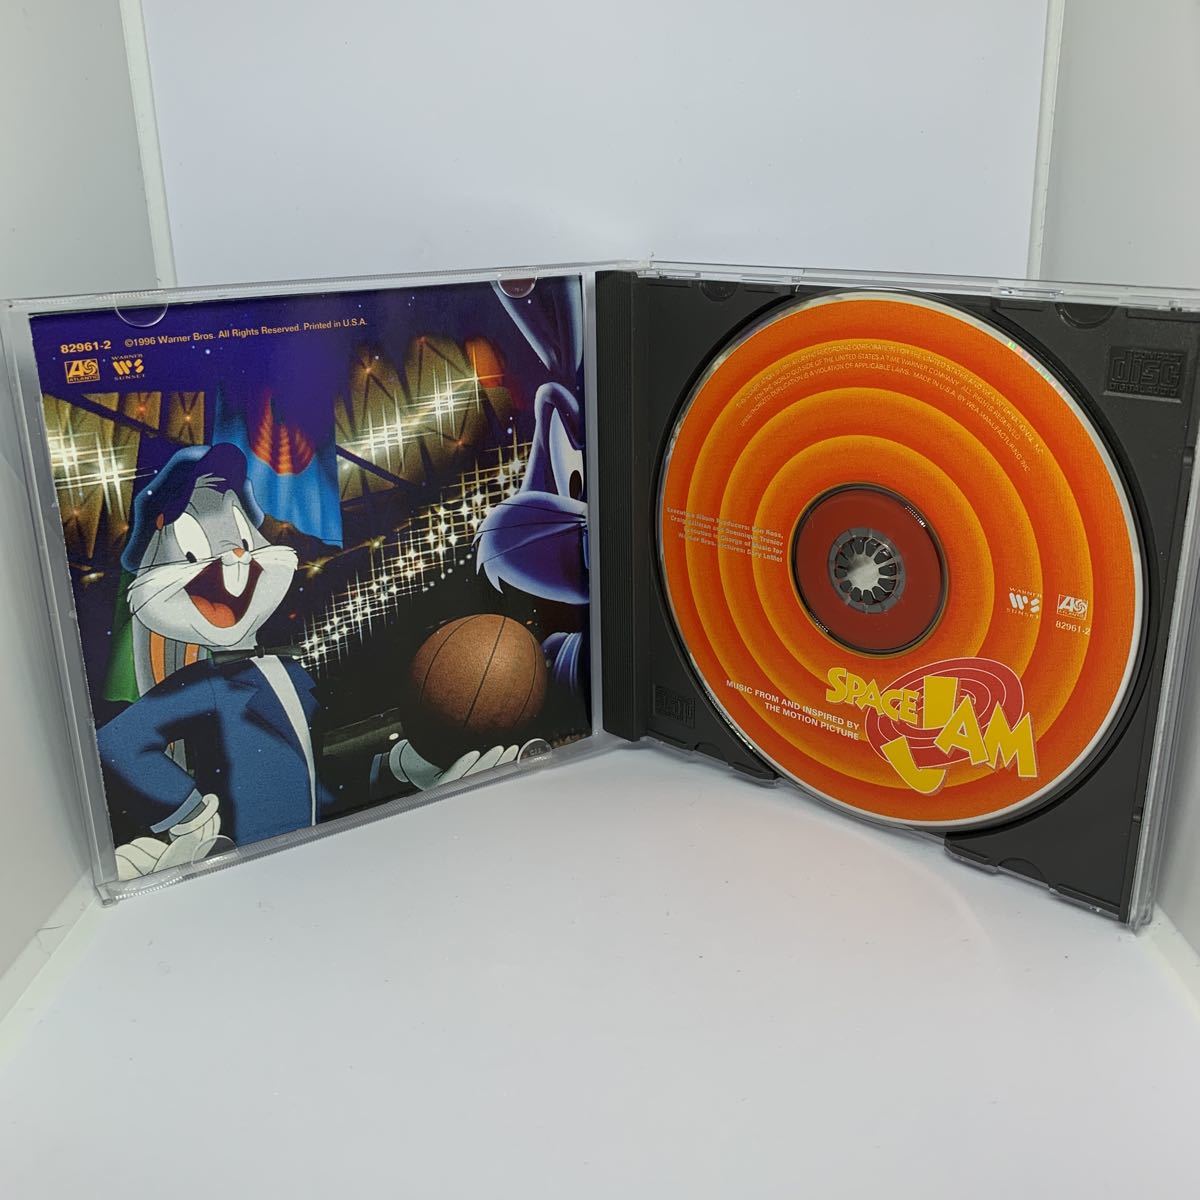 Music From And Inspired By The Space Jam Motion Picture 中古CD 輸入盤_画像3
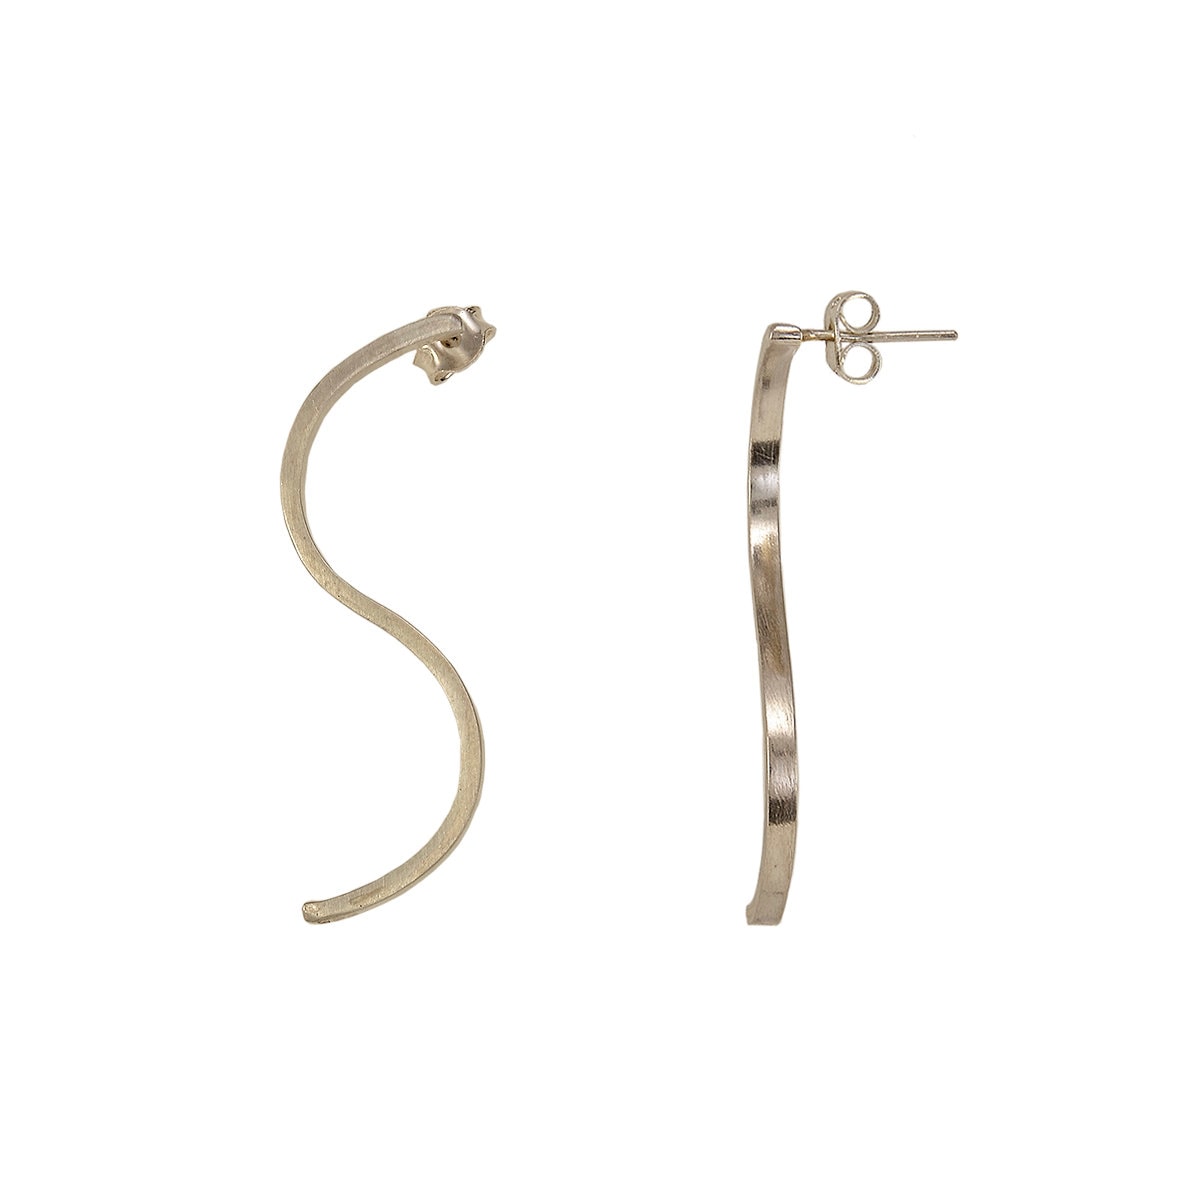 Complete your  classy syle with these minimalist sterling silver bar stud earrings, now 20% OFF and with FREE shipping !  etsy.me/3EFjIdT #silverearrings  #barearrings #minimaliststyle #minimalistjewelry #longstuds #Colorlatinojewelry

* * *

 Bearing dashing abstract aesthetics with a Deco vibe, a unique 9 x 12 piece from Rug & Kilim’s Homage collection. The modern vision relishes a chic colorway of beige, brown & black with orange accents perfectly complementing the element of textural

TASK DETAILS:
Output exactly those lines of the data above that run from the line with "Music From And" up to and including the line with "#minimalistjewelry #longstuds #Colorlatinojewelry". No pictures go in.

WRITTEN SOLUTION:
 Music From And Inspired By The Space Jam Motion Picture 中古CD 輸入盤_画像3
 Complete your  classy syle with these minimalist sterling silver bar stud earrings, now 20% OFF and with FREE shipping !  etsy.me/3EFjIdT #silverearrings  #barearrings #minimaliststyle #minimalistjewelry #longstuds #Colorlatinojewelry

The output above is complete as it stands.